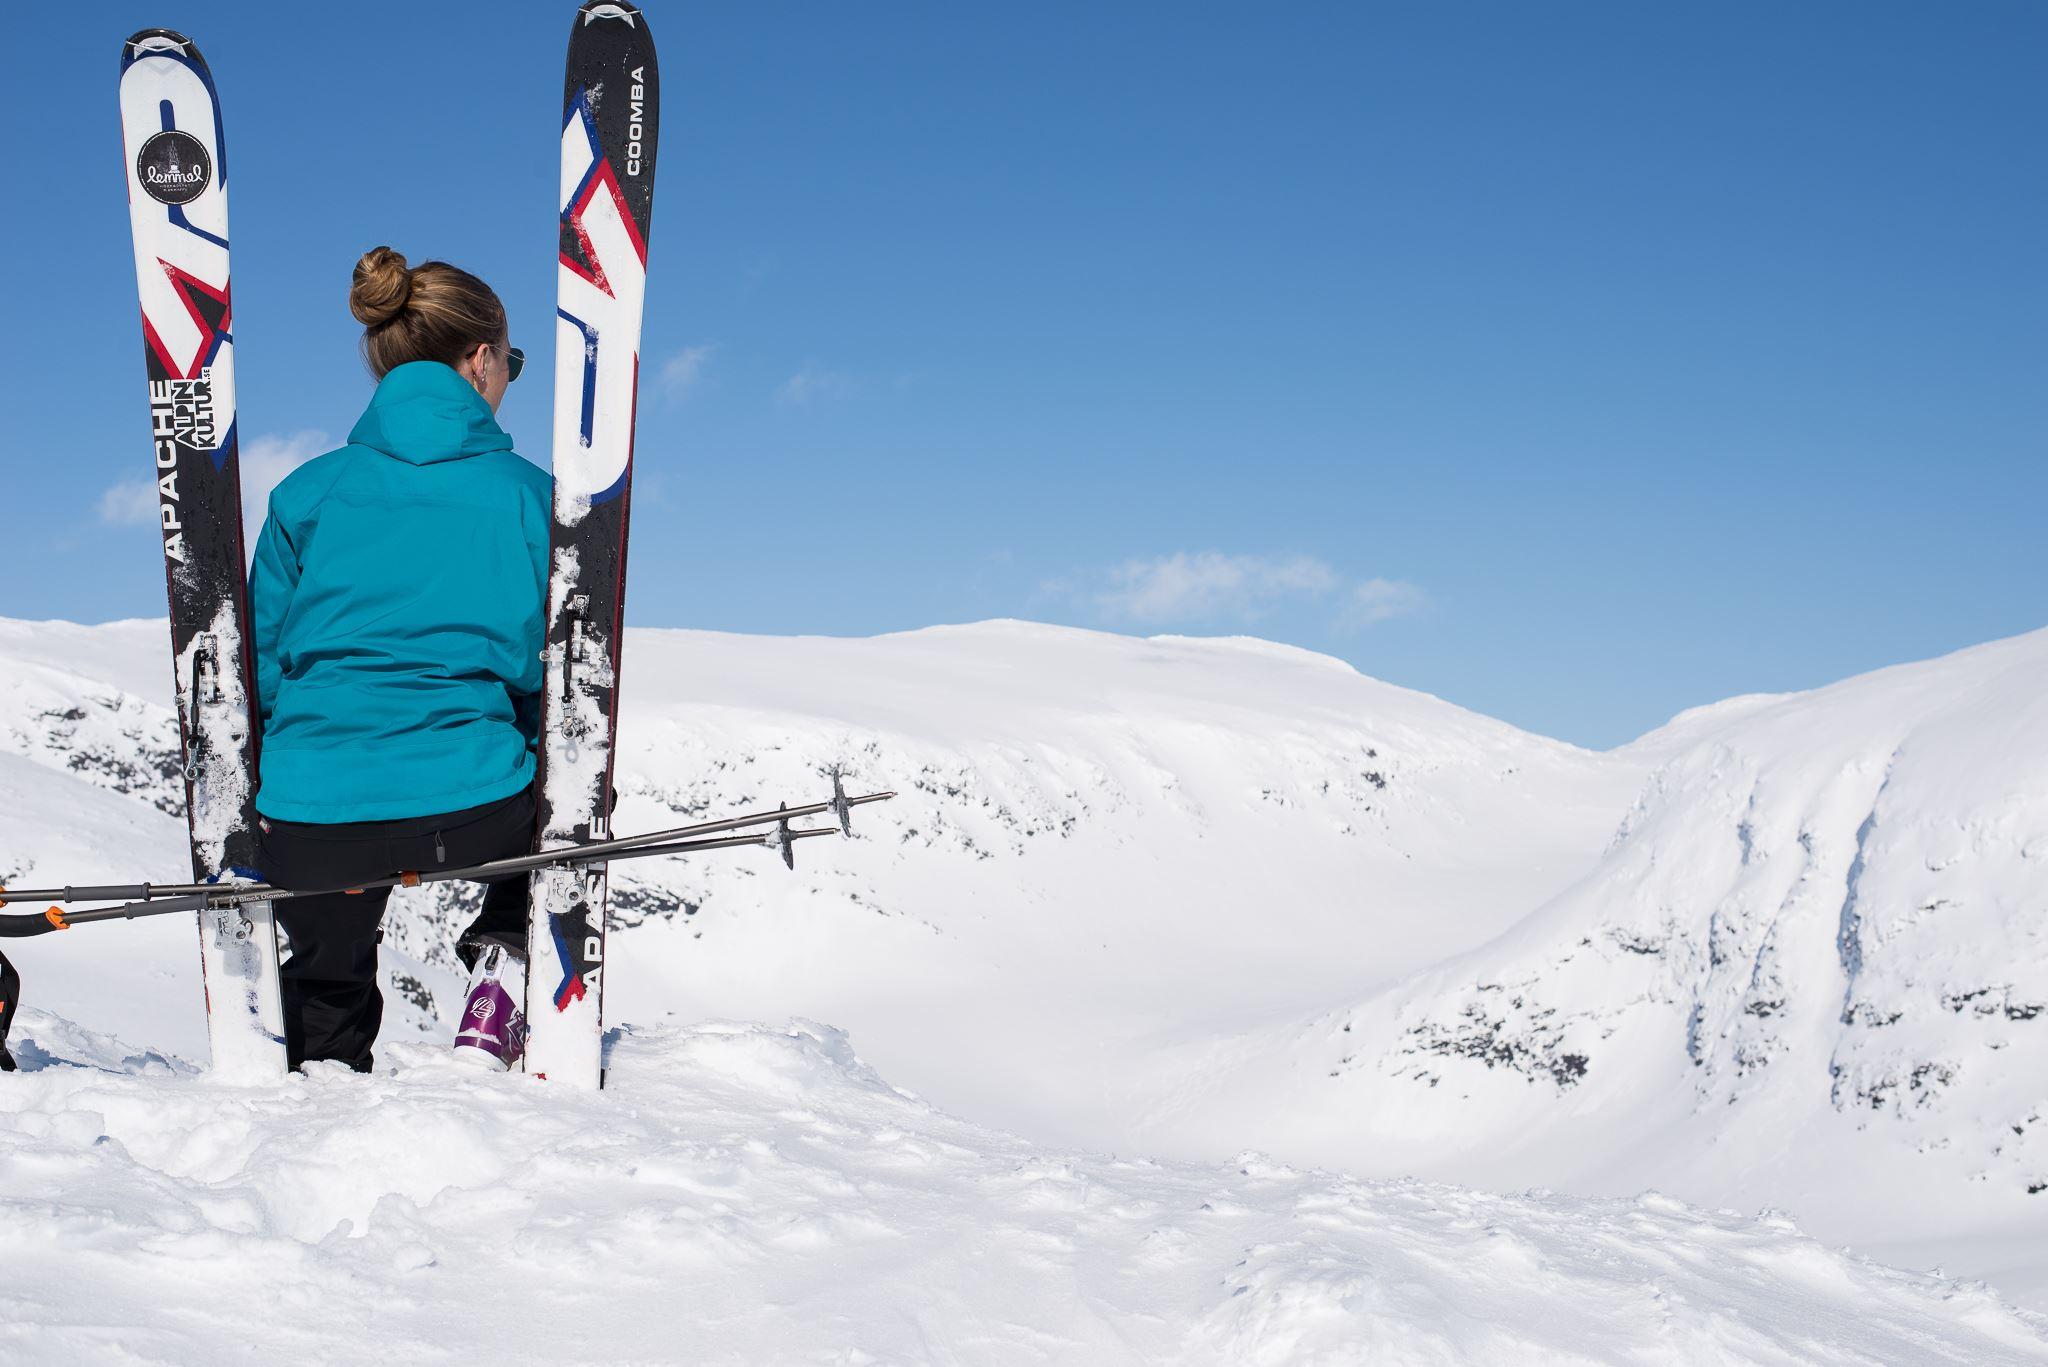 Solkattens skiduthyrning
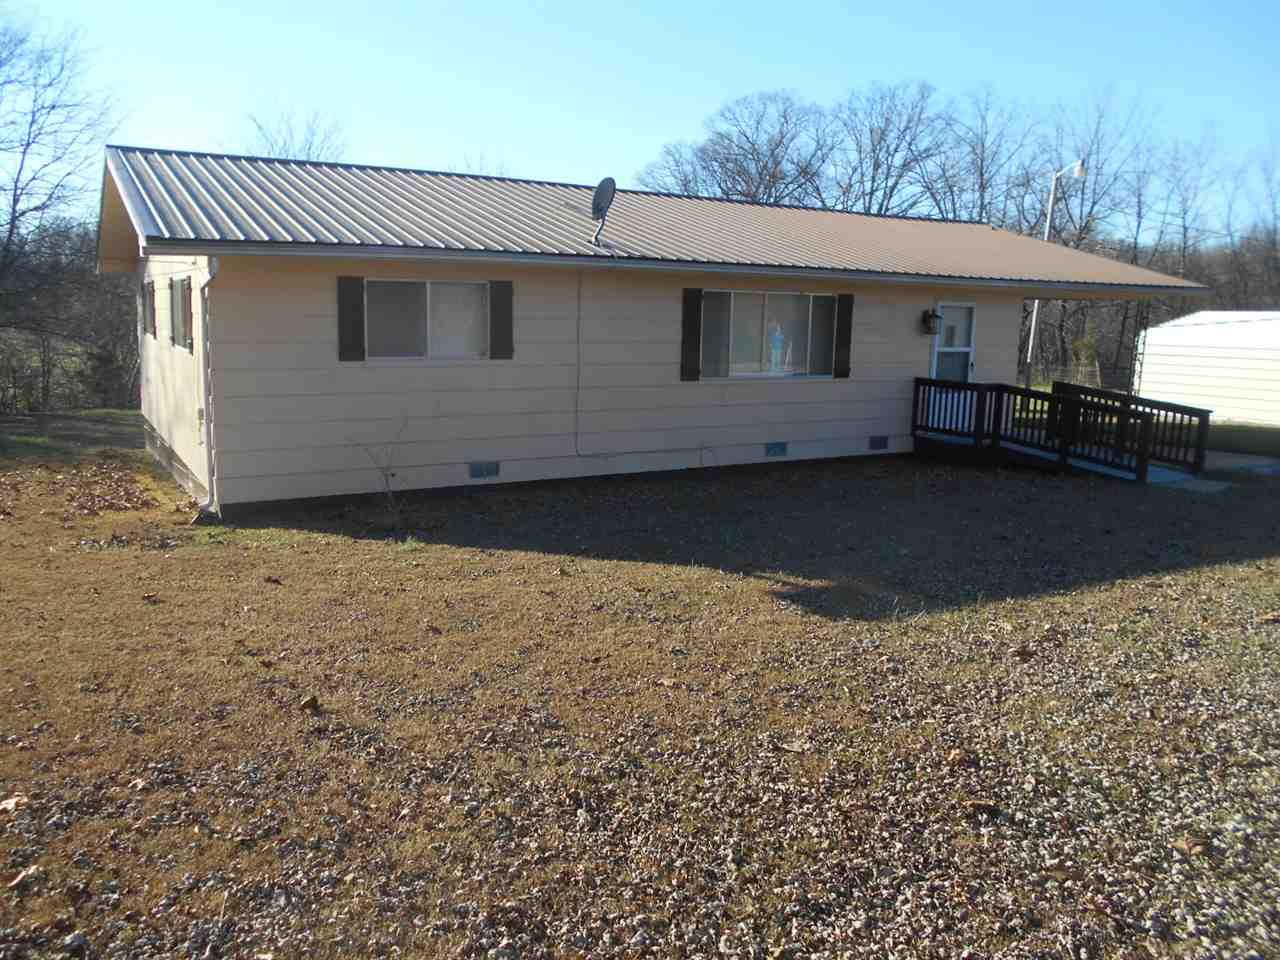 Photo of Rt 9 Box 506  Gatewood  MO
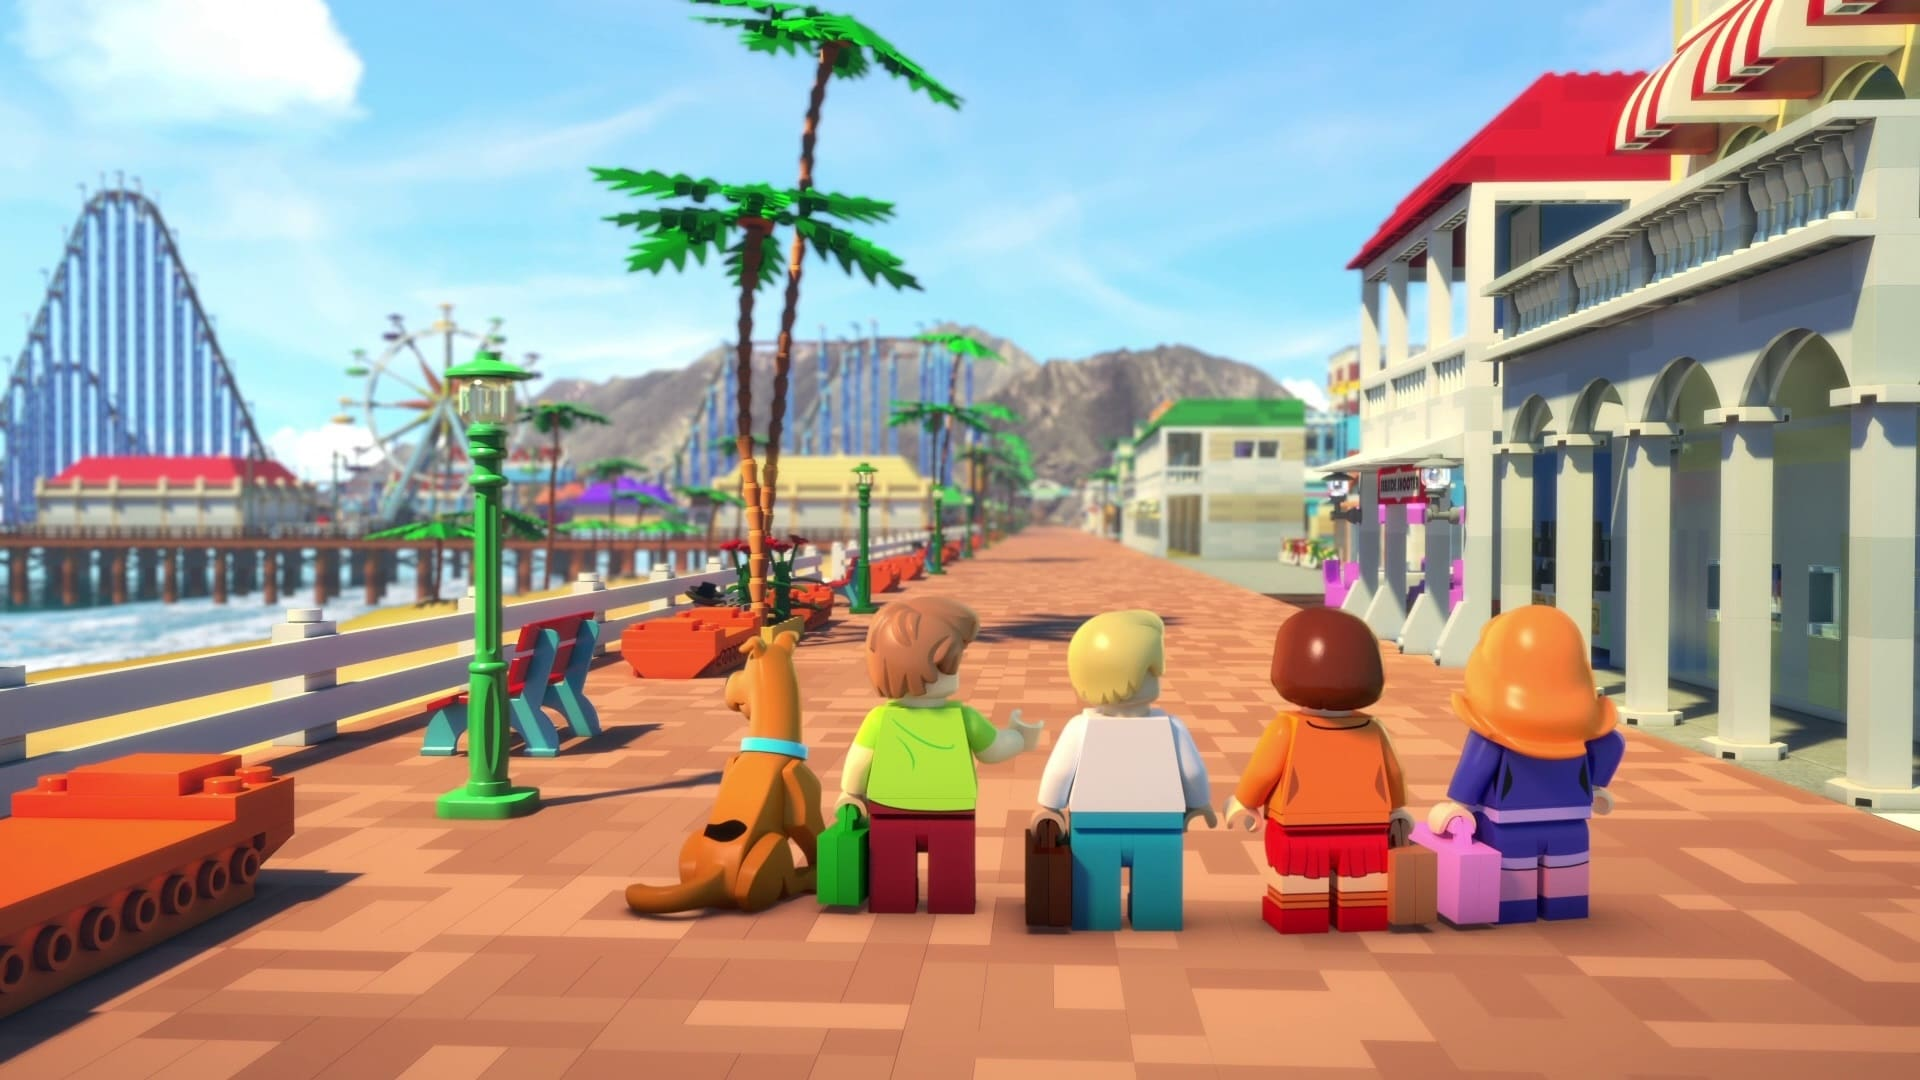 Lego Scooby-Doo: Fiesta en la Playa Ventarrón

# Exercise prompt:
Start at the first line and set down all of the data exactly, passing over the pictures.

# Exercise output:
 Solkattens skiduthyrning
 Photo of Rt 9 Box 506  Gatewood  MO
 Lego Scooby-Doo: Fiesta en la Playa Ventarrón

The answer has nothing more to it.